4.2. Quanto alle spese del giudizio d’appello, la cessazione della materia del contendere sull’affidamento della figlia minore, divenuta nelle more maggiorenne, è dipesa da un fatto neutro, ossia il trascorrere del tempo, e non può, quindi, avere incidenza, di per sé sola e nel senso prospettato in ricorso, sul giudizio in ordine alla soccombenza della odierna ricorrente, che è stata ritenuta integrale in appello, in base al principio di causalità applicato dai giudici di merito con valutazione discrezionale, avuto riguardo all’esito globale del processo (Cass. 3438/2016; Cass. 12005/2017).

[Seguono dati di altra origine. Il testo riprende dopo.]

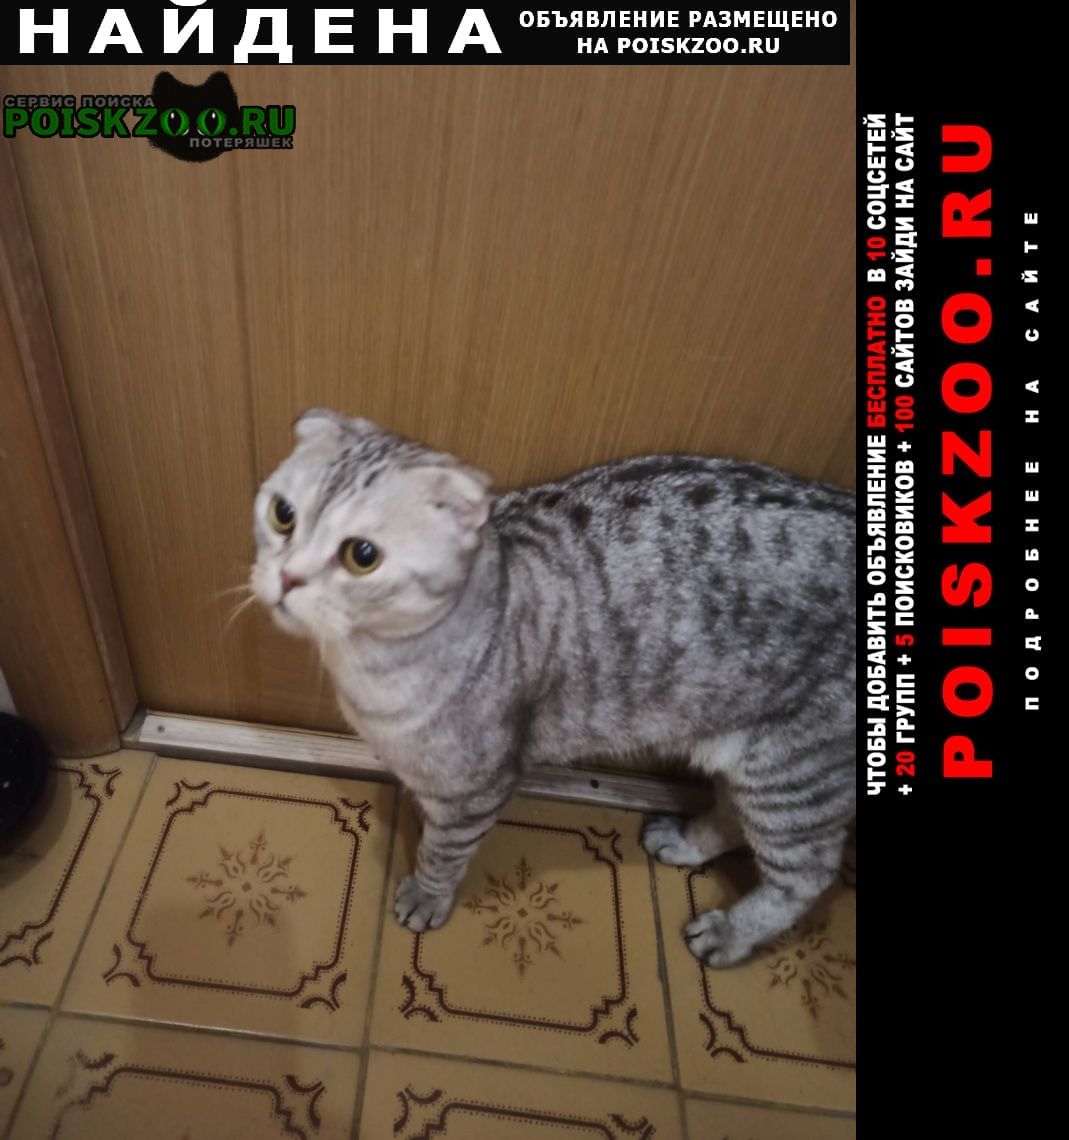 Найден кот в московском районе Нижний Новгород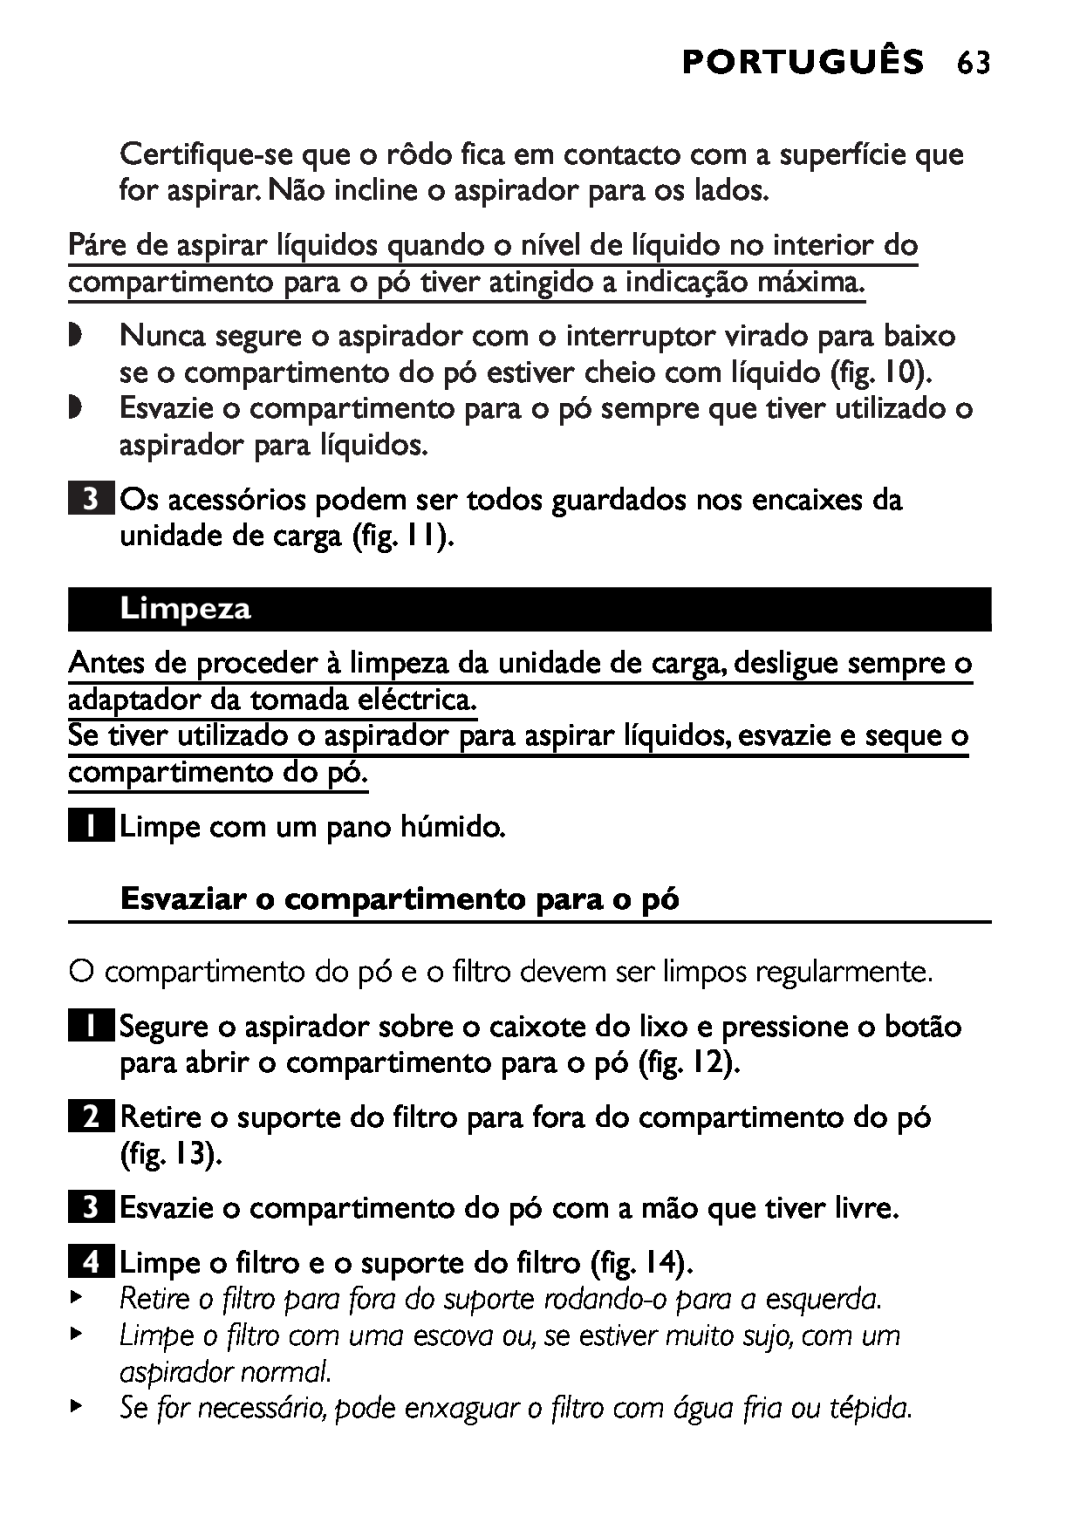 Philips FC6055 manual Limpeza, Esvaziar o compartimento para o pó, Português

5. In conclusione, il ricorso va rigettato e le spese del presente giudizio, liquidate come in dispositivo, seguono la soccombenza. Ai sensi del D.P.R. n. 115 del 2002, art. 13, comma 1 quater, deve darsi atto della sussistenza dei presupposti processuali per il versamento, da parte della ricorrente, di un ulteriore importo a titolo di contributo unificato pari a quello previsto per il ricorso per cassazione, a norma dello stesso art. 13, comma 1 bis ove dovuto (Cass. S.U. n. 5314/2020).

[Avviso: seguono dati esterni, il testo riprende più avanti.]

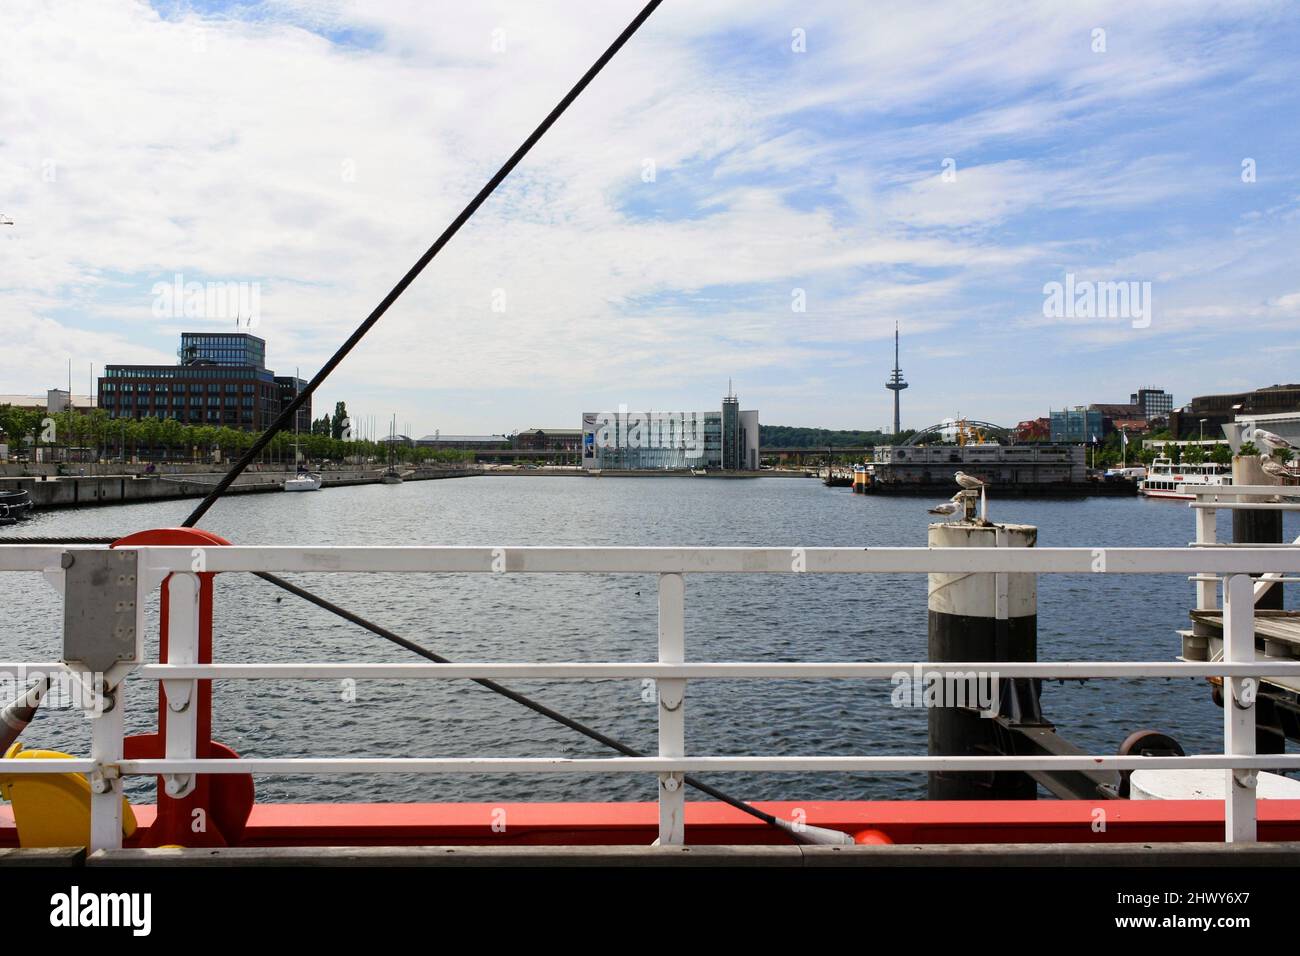 Kiel, Deutschland - Jul 2010: Stadtansicht von der Hörn-Brücke am Hafen im Sommer mit Turm und Wolken im blauen Himmel Hintergrund. Keine Personen. Stockfoto

Va disposto che in caso di diffusione della presente ordinanza siano omesse le generalità delle parti e dei soggetti in essa menzionati, a norma del D.Lgs. 30 giugno 2003 n. 196, art. 52.

P.Q.M.

La Corte rigetta il ricorso e condanna parte ricorrente alla rifusione delle spese di lite del presente giudizio, liquidate in complessivi Euro 5.200, di cui Euro 200 per esborsi, oltre rimborso spese generali (15%) e accessori di legge.

Ai sensi del D.P.R. n. 115 del 2002, art. 13, comma 1 quater, dà atto della sussistenza dei presupposti processuali per il versamento, da parte della ricorrente, di un ulteriore importo a titolo di contributo unificato pari a quello previsto per il ricorso per cassazione, a norma dello stesso art. 13, comma 1 bis ove dovuto.

Dispone che in caso di diffusione della presente ordinanza siano omesse le generalità delle parti e dei soggetti in essa menzionati, a norma del D.Lgs. 30 giugno 2003 n. 196, art. 52.

Così deciso in Roma, nella camera di consiglio della Sezione Prima Civile, il 7 luglio 2021.